3年ぶりに8強入りを果たした仙台育英(宮城)が17日、18日に行われる智弁和歌山との準々決勝に向け兵庫・西宮市内で約2時間の全体練習を行った。

昨年は仙台育英のグラウンドで招待試合を行うなど親交のある両校。須江航監督(43)は大会期間中にも中谷仁監督(47)と連絡を取り合い「『できれば決勝、高いところでやりたいですね』と言っていたんですが、準々決勝になってしまいました」と、一足早く訪れた大一番に気持ちを高ぶらせる。
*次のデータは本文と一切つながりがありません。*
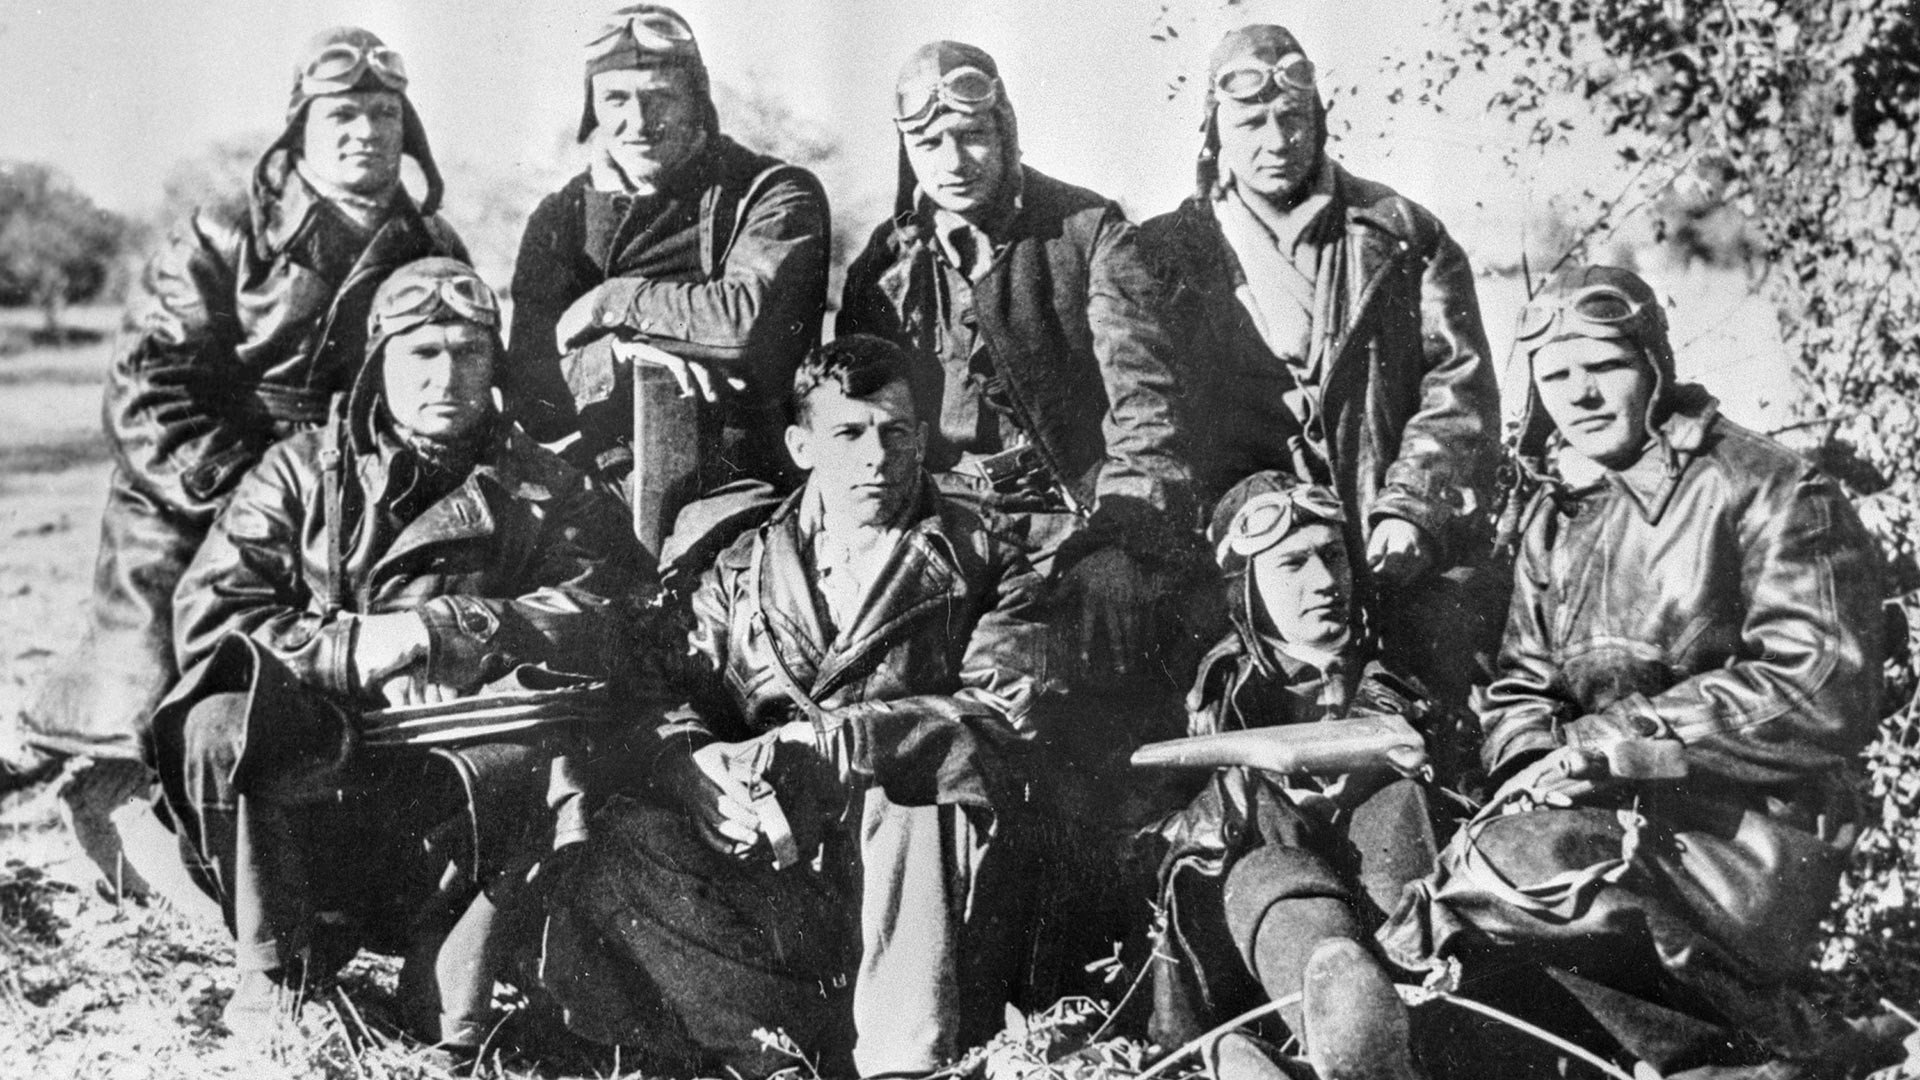 Pilotos soviéticos cerca de Madrid.

宮城県大会から全8試合1度もリードを許さず勝ち進んできた。しかし「1番から9番まで大会屈指のバッターがいる。打力としては横浜高校と双璧」と警戒する智弁和歌山打線に対して、指揮官は「うちが追う展開になってしまうと思うので、失点してもゲームが壊れない試合が続いていけば、勝機があるんじゃないかと思います」と辛抱強く戦う覚悟だ。

一方で「思いのほか先制点が取れたら、攻撃のバリエーションはうちの方が持っている」とも話す。

大会第1号を放った4番・田山纏外野手(3年)への警戒を予想し、前後の打者を鍵に挙げる。「複数の投手陣でいらっしゃると思うので、特長を早くつかんで継投の中で立ち上がりを攻められるような、迷いのない攻撃ができれば」と攻略を思い描いた。

両者の甲子園での顔合わせは、07年夏の1回戦以来19年ぶり。当時は最速157キロ右腕・佐藤由規投手が17奪三振を奪う好投で、仙台育英が4-2で勝利した。当時は系列校の秀光中で監督を務めていた指揮官は「すごい熱気のある試合で。歴代の試合の中でも記憶に残る試合だったと思うので、それを上書きできるような熱戦になればなと思います」。優勝経験校同士の一戦を勝ち抜き、4強入りを見据える。